Stopping Gold Farmers Like Trying to Halt Tide, Says RedBedlam Founder
Posted 01/21/09 at 11:17:26 PM by Nathan Grayson

As a rule, the gaming industry would rather slap gold farmers than smooch them, but in RedBedlam founder Kerry Fraser-Robinson, gold farmers may have found their Romeo. Kinda.
"It's going to happen whether you like it or not," the virtual worlds developer said of gold farming. "People will always find the path of least resistance, if you stop them buying your gold then they'll buy that gold from somebody else who is gold farming."
"Trying to stop that happening is literally like telling the tide not to come in - you will fail."
"If you don't build that into your system then you're not going to be able to compete with the gold farmers and that will ruin your in-game economy, which will in turn ruin your game. At the very least having the recognition that virtual economics is a discipline and is a very important integral part to being a virtual world," he added.

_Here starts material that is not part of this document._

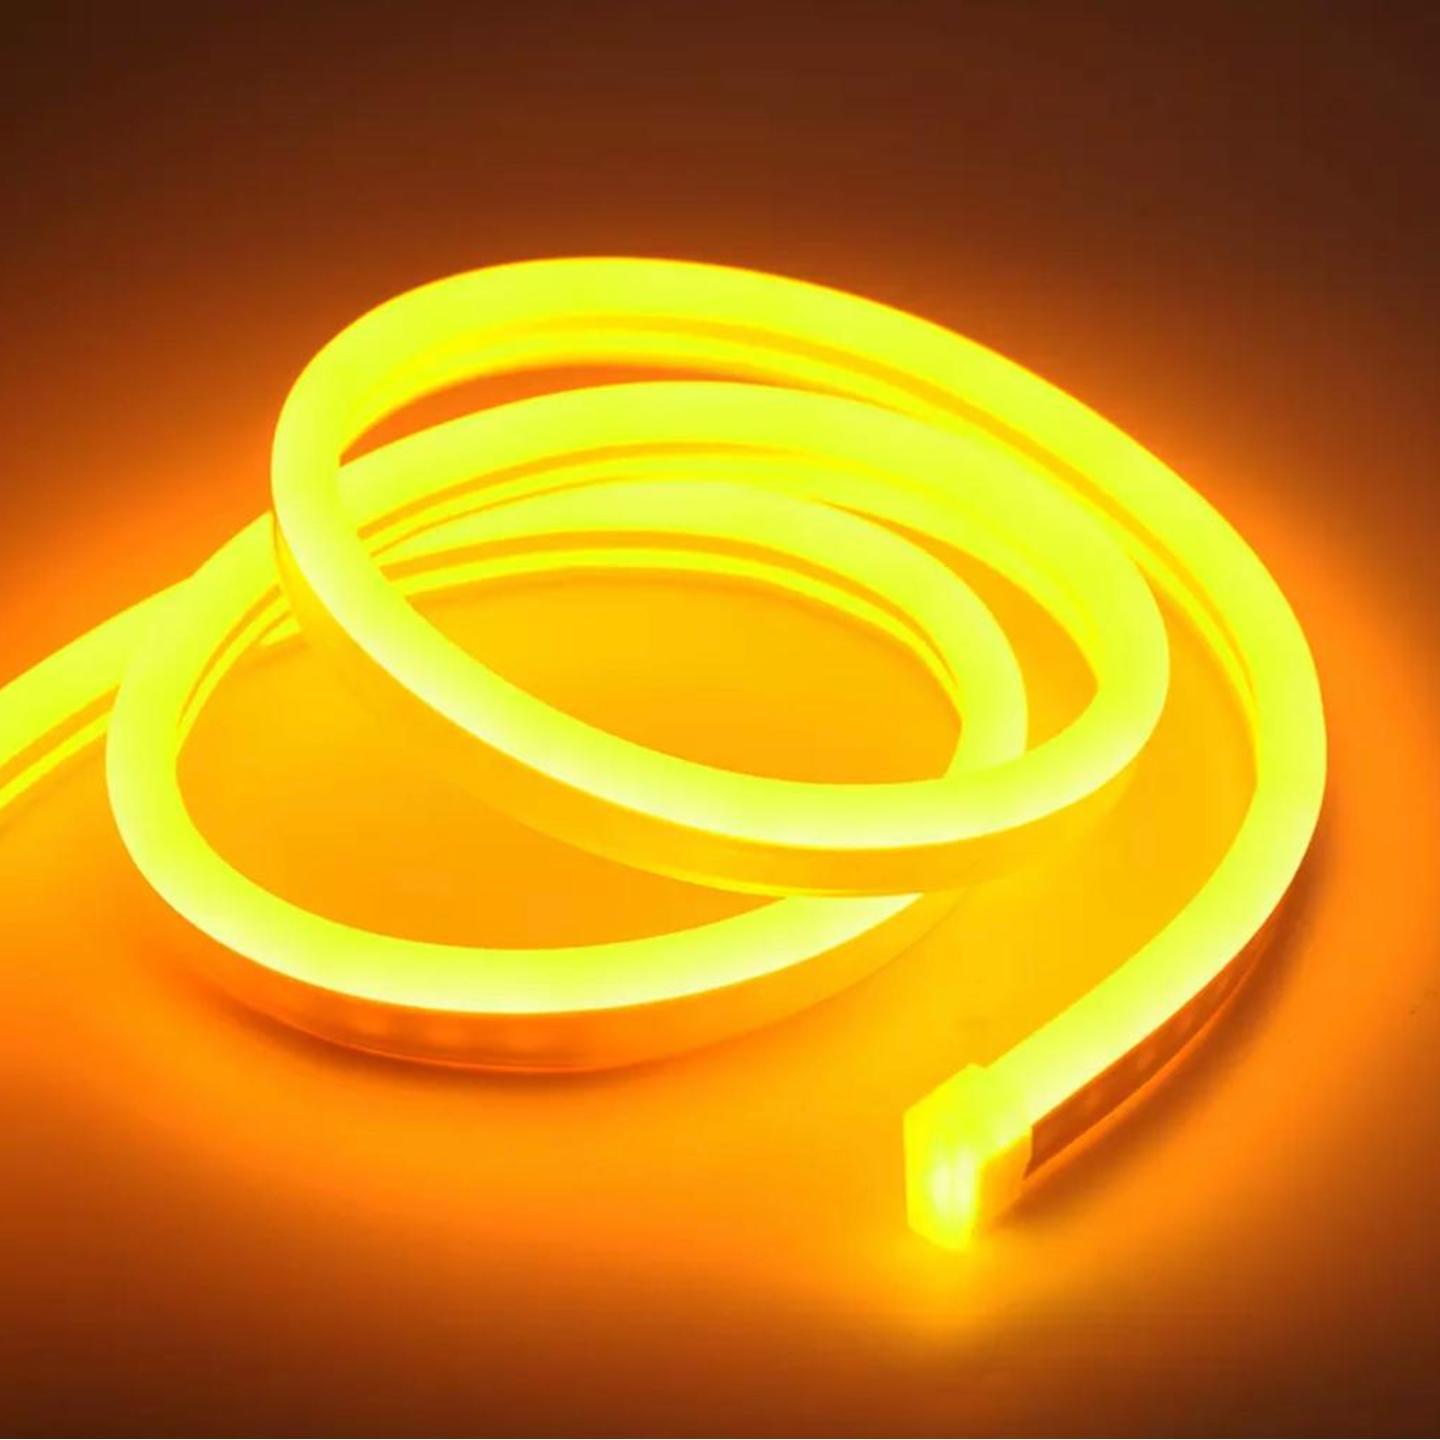 Waterproof Flexible LED Neon Rope Light per meter

Fraser-Robinson listed Eve Online as a game that -- rather than stomping out real money transactions only to have them return in greater force – arranged its economy with the help of an actual economist.
"I think that's absolutely essential going forward… because wherever humans are in communities and whenever they are bartering there is a market and there is going to be a market place. If you let that go with no regulation and no recognition then very, very crazy things will happen."
Yipes. We’re pretty sure the Nazis just won.
The Dutch managed to reclaim
Submitted by Antilogic81 on Thu, 01/22/2009 - 3:01am
The Dutch managed to reclaim about 1/3 of their land from an ever present ocean....I'm pretty sure something can be done to stop this problem.
The real answer "We aren't going to pay X amount of employees or hire a Z amount of employees whose sole purpose is to hunt down farmers"
Nailed it
Submitted by neo1piv14 on Thu, 01/22/2009 - 12:23pm
Exactly. Noone wants to fork over the money to pay people to watch for that kind of thing. Same thing goes for anti-bot codes. The only game I've seen that actually had a good antibotting system was a MUD that I used to play way back when. Whenever the game would detect that you moved in a completely systematic pattern and did nothing but attack, no talking, forming, etc, it would buff up the next mob you attacked. A player who was actually at their computer would see that and run away. A bot would sit there and die. Pretty simple stuff. I guess that's harder to implement in a non-text based game though.
gold farming
Submitted by graill on Wed, 01/21/2009 - 11:32pm
There are plenty of ways to totally stop gold farming, however with subs in the millions the MMO industry would be killing revenue and they simply wont do this.
Please tell.
Submitted by Digital-Storm on Thu, 01/22/2009 - 7:03am
Please tell.
As of yet, I think there is
Submitted by yugiah on Wed, 01/21/2009 - 10:39pm
As of yet, I think there is just one major mmo that managed to stop these guys pretty well. RuneScape, ridicule me, I don't care, but the truth is, illegal gold trade in that game is practiacally zero although quite a few liberties were sacrificed to keep it like it is now.
Just felt I'd point that out.
and what did runescape
Submitted by chronium on Thu, 01/22/2009 - 10:52am
and what did runescape do?
The only real effective way I can see to stop illegal gold farming is by offering a legal one run by the developer or publisher or whoever has the rights. That way they can provide a safe means for their customers to play the game how they want to.
They pretty much put limits
Submitted by yugiah on Fri, 01/23/2009 - 7:21pm
They pretty much put limits on trade completely, so merchanting is gone now. Trying to give away something expensive for free is just about impossible, and most players were/are terribly upset. Check the website, because there have been tons of changes if you're interested.